So let me get this straight , AMD is moving toward an NVIDIA like architecture (easy to program and mostly hardware scheduler) ?
Or is it moving toward an Intel Larrabee like architecture which had software scheduler and the only difference is that instead of using a 16-wide vector Pentium processors , AMD will design it's own 16-wide vector hardware ?
Or is it a combination of both ? mainly hardware sceduler (NVIDIA's way) and multiple 16-wide vector units (Larrabee's way) ?
Neither nor. Or in between or something else, it depends on what you are looking.
On a very high level it looks a bit like the Cray X1 on a single chip. Four vector processing units (SIMD engine now, SSP in the X1) form a basically self-contained unit (CU or MSP) integrating scalar and vector capabilities. But that's where the similarities end.
GCN inherits the physical width (16 elements) of the vector ALUs almost all GPUs (and Larrabee) use now. The logical width stays at 64, the value used by AMD for quite some time, though. But instead of using one VLIW instruction to issue 4 operations for a single vector (wavefront) as with Cayman, it uses 4 instructions from 4 different wavefronts to fill those vector ALUs. That somewhat resembles a hypothetical doubled GF100 SM with 4 instead of only two vec16 ALUs. The scheduling works different from all formerly known GPUs though.

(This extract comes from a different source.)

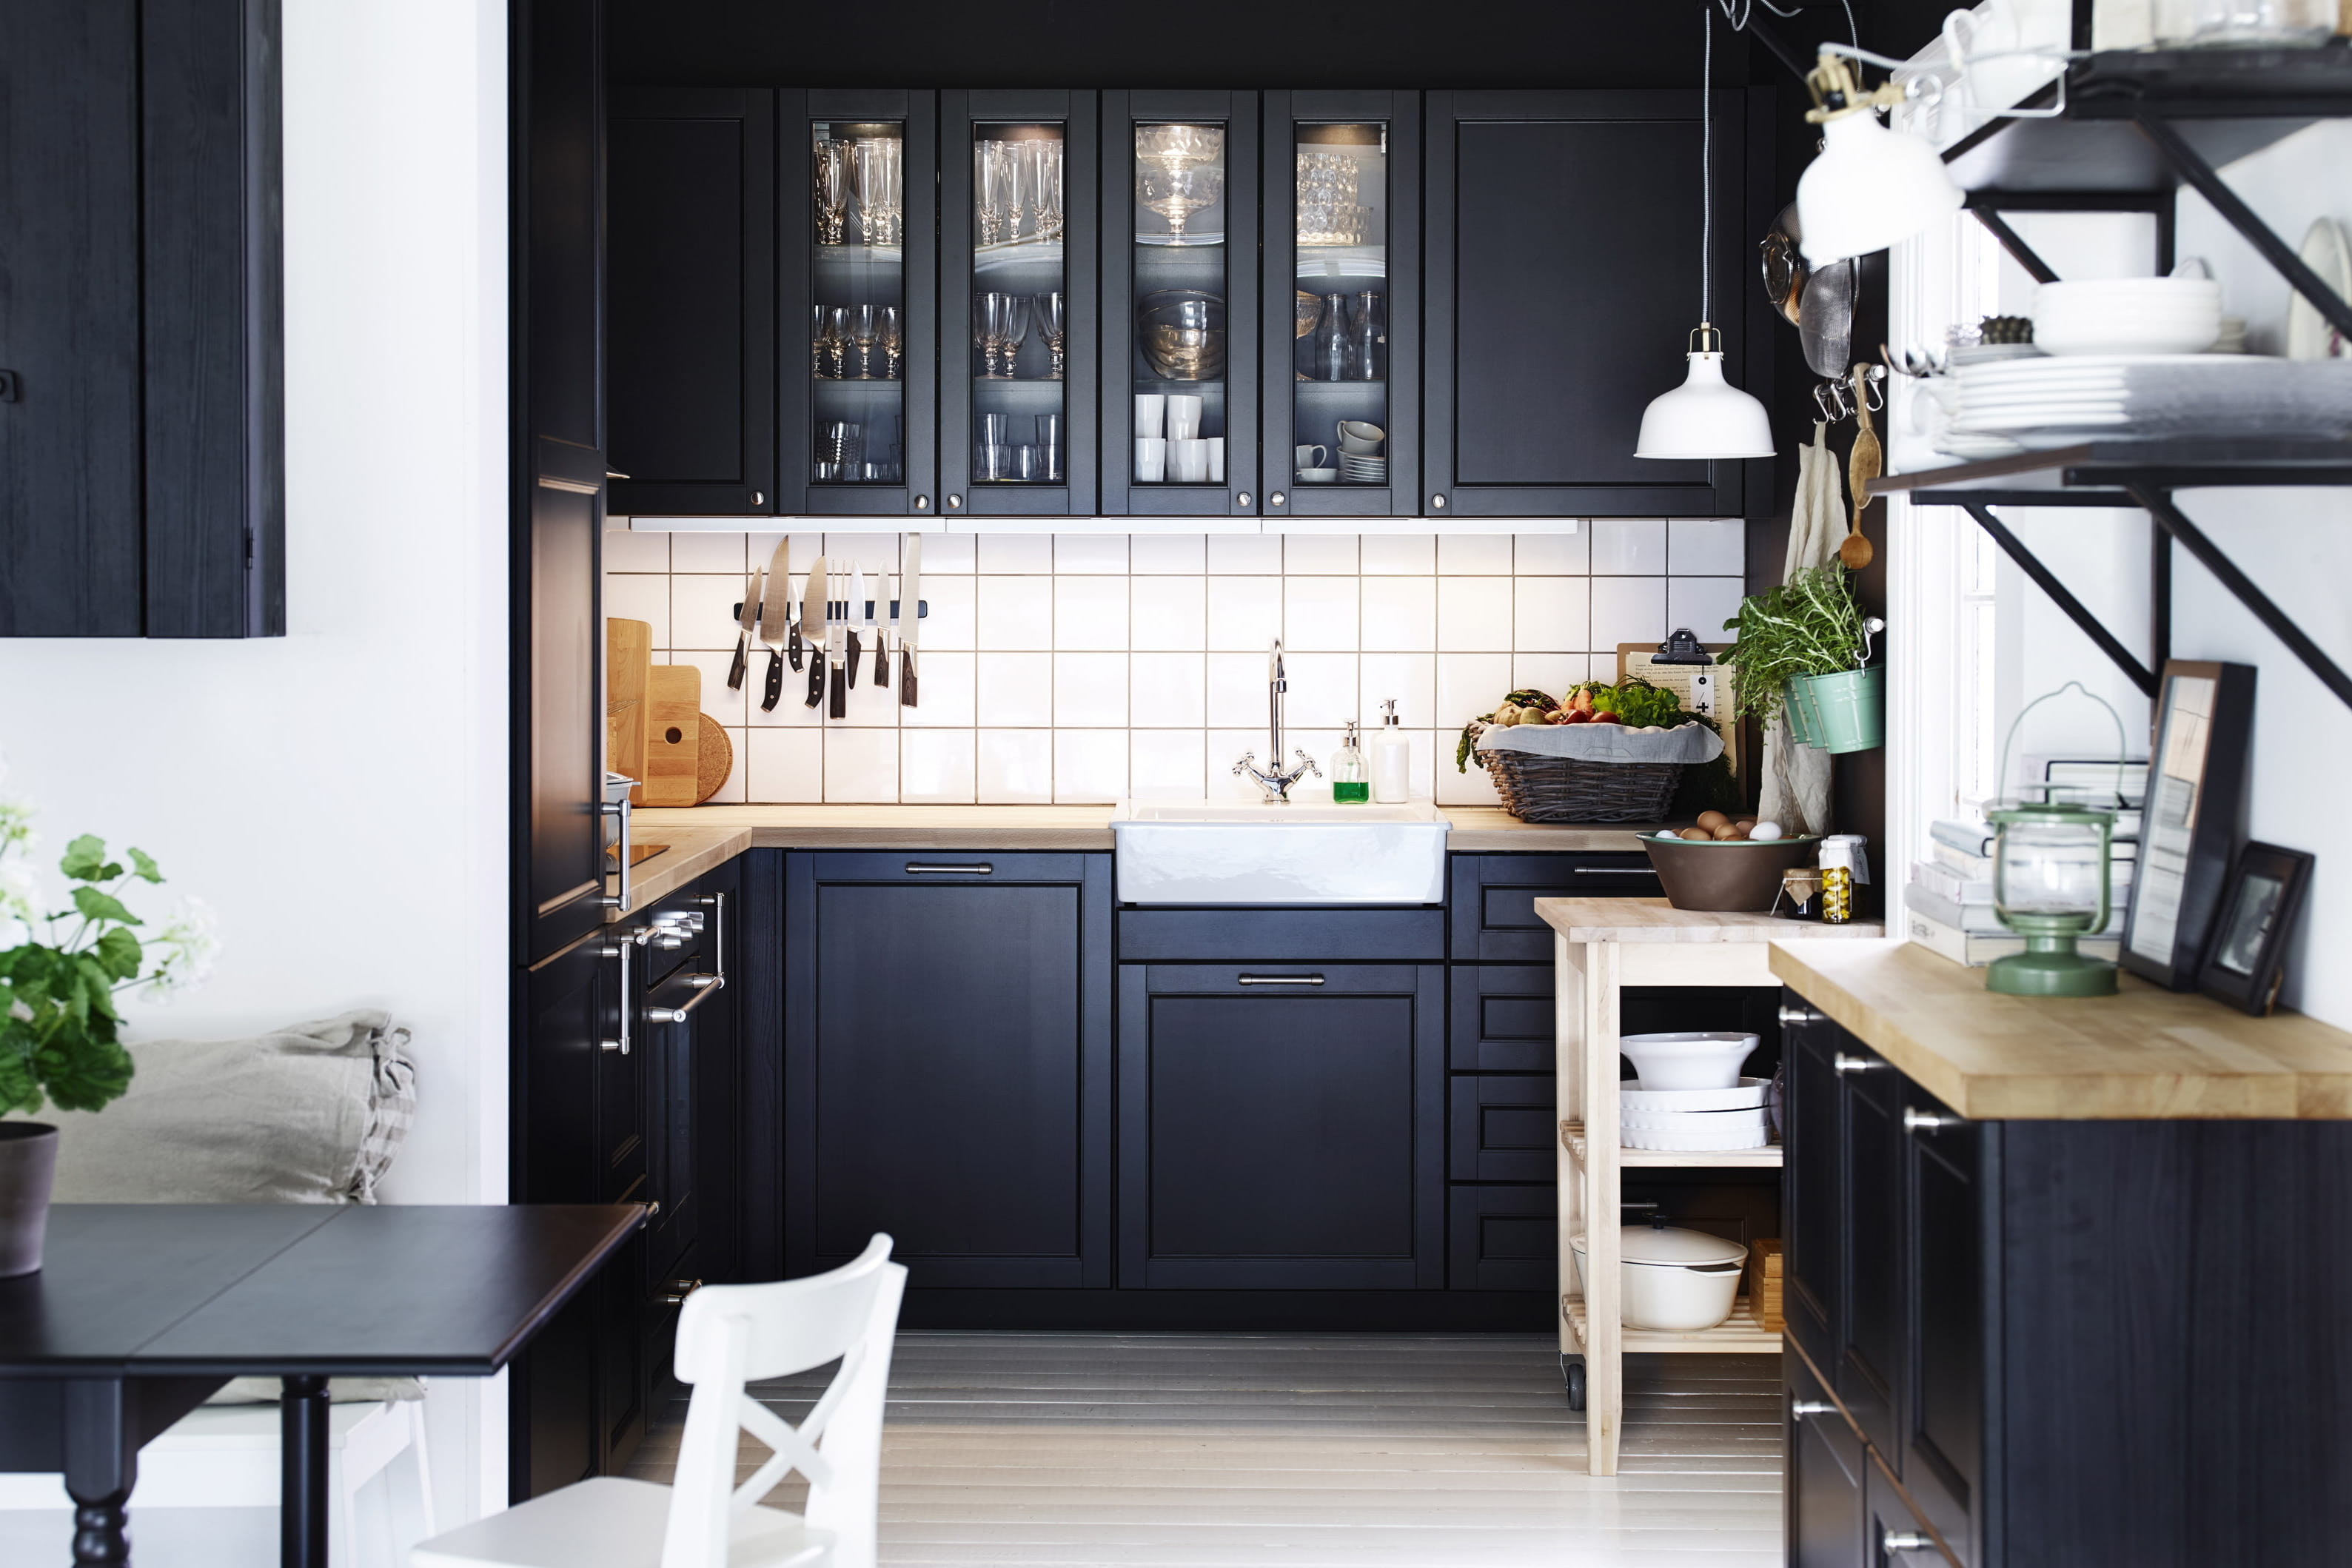 Les cl s pour acheter une cuisine ikea journal des femmes - Photos cuisines ikea ...

A GF100 SM has several issue ports (2x vec16 ALU, SFU, L/S [local and global memory]), where each of the two single issue schedulers can issue one instruction for a vector/warp every second (hot) clock cycle (some exceptions apply because of resource contention). Because of the long pipeline (18 cycles or 9 vectors deep) a sophisticated scoreboarding scheme exists to track dependencies between instruction for a warp. For each Warp in flight, a window of 4 or 5 instructions is checked for dependencies and can potentially be issued before another independent instruction for the same warp completes.
R600 through R900 used a far simpler scheduling system. The compiler arranged the instructions in groups (clauses) which were guaranteed to be independent. Control flow or memory instructions opened up separate clauses. Each CU/SIMD engine had two thread sequencer, which simply alternated in supplying the instructions for two wavefronts. Each instruction issued over 4 cycles (64 element warp on vec16 ALUs), this fits exactly the pipeline length of 8 cycles (2 vectors). That means no checking whatsoever had to be done within a clause. For the next instruction 8 cycles later, all dependencies were guaranteed to be resolved. Dependencies were only checked on clause granularity by the global "dispatch processor", making fine grained control flow slow (changing clauses took about 40 cycles, i.e. clauses with less than 10 instructions lower the performance).
GCN does something different. It tries to retain much of the simplicity of the R600 approach with added flexibility and performance. It has basically 4 schedulers within a CU, which work in a round robin fashion (a bit like the alternating thread sequencer in R600). Those schedulers issue to a set of ports with are mostly shared (scalar unit, branch unit, Export/GDS, vector memory, local memory) within the CU but partly private (vector ALU, each scheduler can issue only to its own vec16-ALU) to each scheduler. The shared ports can accept a new instruction each cycle, the private ones only every 4, matching up to the round robin issue.
Up to 5 instructions per cycle can be issued at maximum. Each scheduler selects up to 5 instructions (if there are so many) from 5 different types and from 5 different wavefronts (no dependency checking within a wavefront). Memory dependencies are handled by compiler inserted barrier type instructions counting the number of allowed outstanding memory accesses (which are counted then in the hardware too of course). These barriers disable instruction issue for the wavefront until the dependency is resolved and are consumed within the scheduler itself.
While the GCN approach lacks some of the flexibility of the nvidia scheduler, it makes up for that with the massive amount of issue ports enabling to handle control flow and "scalar stuff" (identical in all elements of the vector) basically in parallel to the vector ALUs increasing the utilization while maintaining a relatively simple operation.
Btw., the main difference between Larrabee (besides the scheduling of Warps/Wavefronts/vectors and that it has a full two issue x86 core as scalar unit per vec16 ALU) and GPUs is that Larrabee has a permute network between register file and the vector ALU lanes. GPUs basically use their local memory for that purpose. In GPUs, each vector lane has its own register file, no such permutations are directly possible. While that decreases flexibility, it saves quite a bit on the power consumption for the reg file.